La Nueva Carretera Central (NCC), proyecto clave para la conectividad en Perú, está en una encrucijada financiera y política. Mientras el país enfrenta desafíos inmediatos como el fenómeno de El Niño y la crisis en el ducto de gas de TGP, el futuro de esta infraestructura permanece incierto.
Denisse Miralles, exministra de Economía y Finanzas, planteó la necesidad de renegociar contratos bajo el esquema Gobierno a Gobierno (G2G), especialmente con Francia, país encargado de la NCC, la Vía Expresa Santa Rosa y el Puente Santa Rosa. Su propuesta buscaba transformar la NCC en una Asociación Público-Privada (APP) para repartir riesgos e inversiones con el sector privado.
Esta iniciativa generó rechazo en la macrorregión centro y entre congresistas que, a fines de febrero, presentaron un proyecto de ley para prohibir que la NCC se ejecute bajo modalidades concesionarias o APP, evitando la transferencia de gestión o explotación a privados. En su lugar, proponen mantener el proyecto como obra pública con financiamiento estatal.

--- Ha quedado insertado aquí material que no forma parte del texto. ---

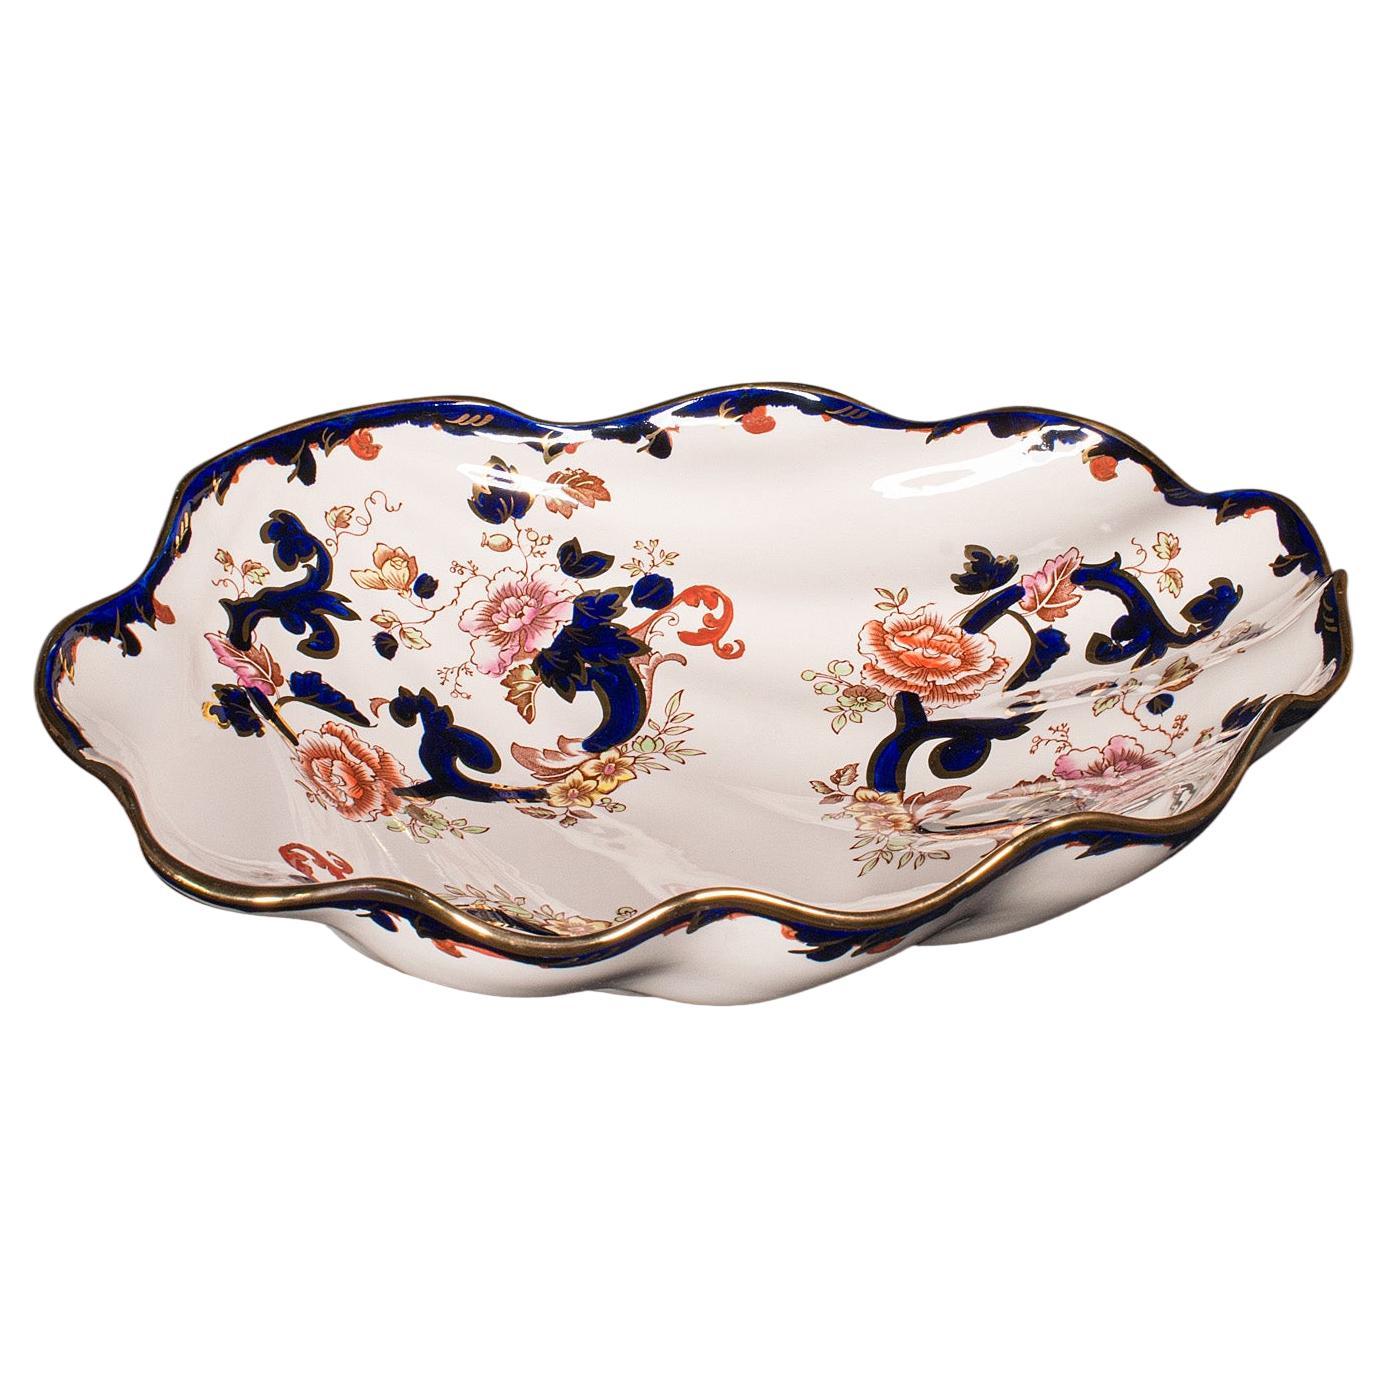 Large Vintage Shell Shaped Fruit Bowl, English Ceramic, Decorative, Serving Dish For Sale
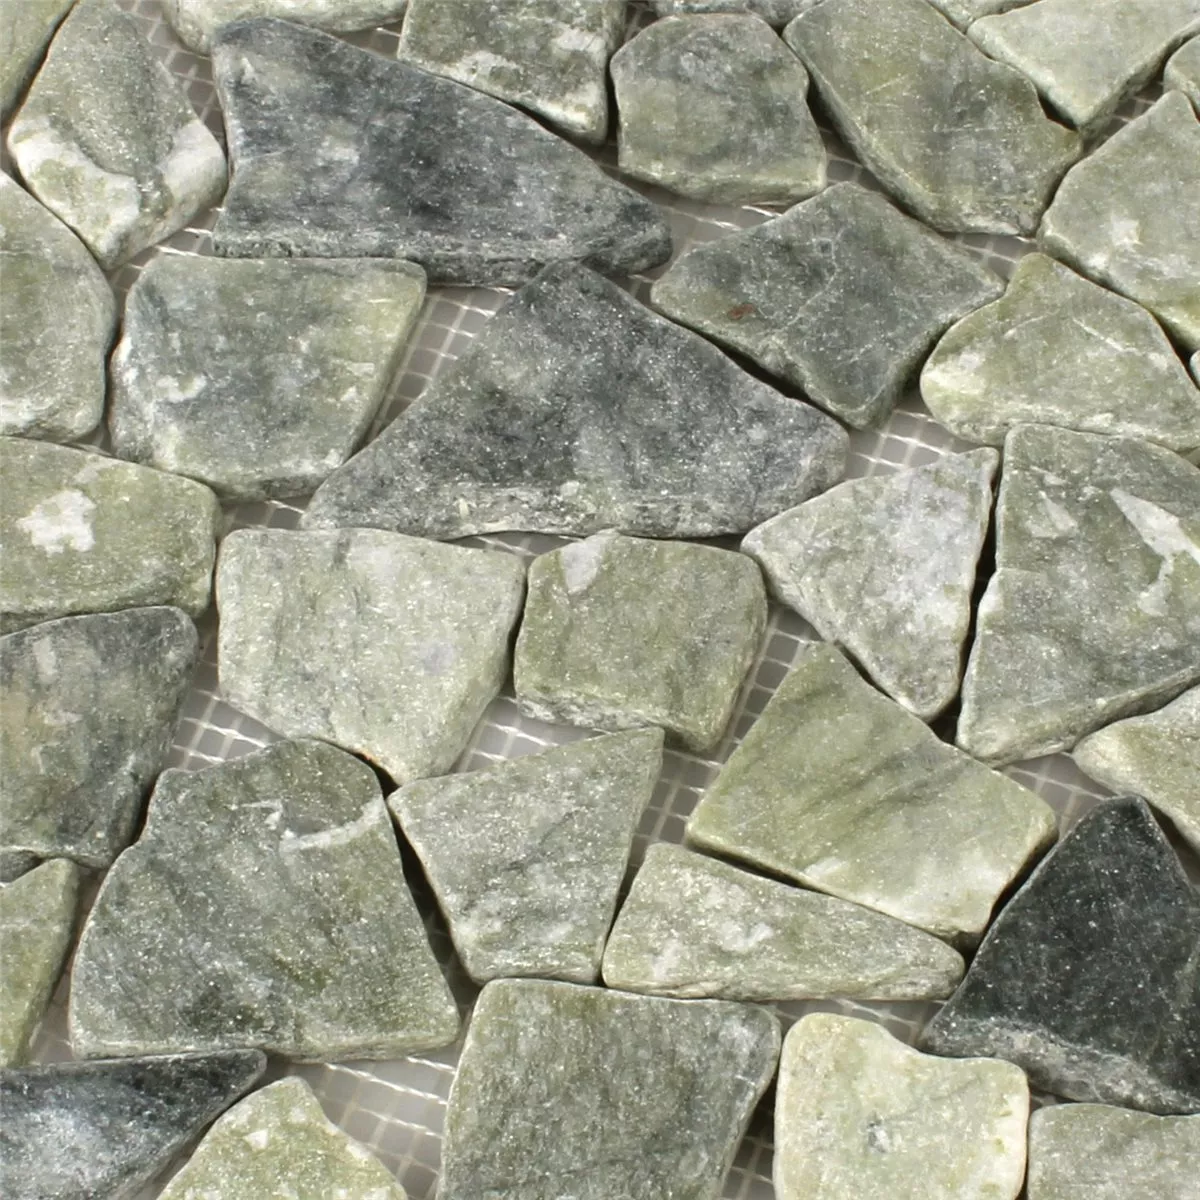 Sample Mosaic Tiles Broken Marble Grey Green

En marzo, un segundo proyecto, impulsado por Acción Popular, propone autorizar al Ejecutivo a emitir deuda pública mediante bonos soberanos para financiar el saldo pendiente de la NCC, con un plazo de hasta 30 años para el servicio de esta deuda desde el inicio de operaciones. Además, plantea la creación de un fondo de inclusión vial y contempla el cobro de peajes para asegurar sostenibilidad financiera.
Este proyecto también considera un aporte inicial del Estado entre 2027 y 2028 no menor a S/ 6,000 millones, depositados en un fideicomiso macrorregional para la ejecución de la obra según los plazos establecidos por Provías Nacional. Mientras se estructura este endeudamiento, se buscarán fuentes de financiamiento sin deuda para iniciar el proyecto.
El debate sobre el modelo de financiamiento y gestión de la NCC refleja las tensiones entre mantener el control estatal y buscar alianzas con el sector privado para acelerar la ejecución. Para inversionistas y analistas, la decisión impactará directamente en la viabilidad financiera, riesgos asociados y expectativas de retorno de inversión en infraestructura estratégica.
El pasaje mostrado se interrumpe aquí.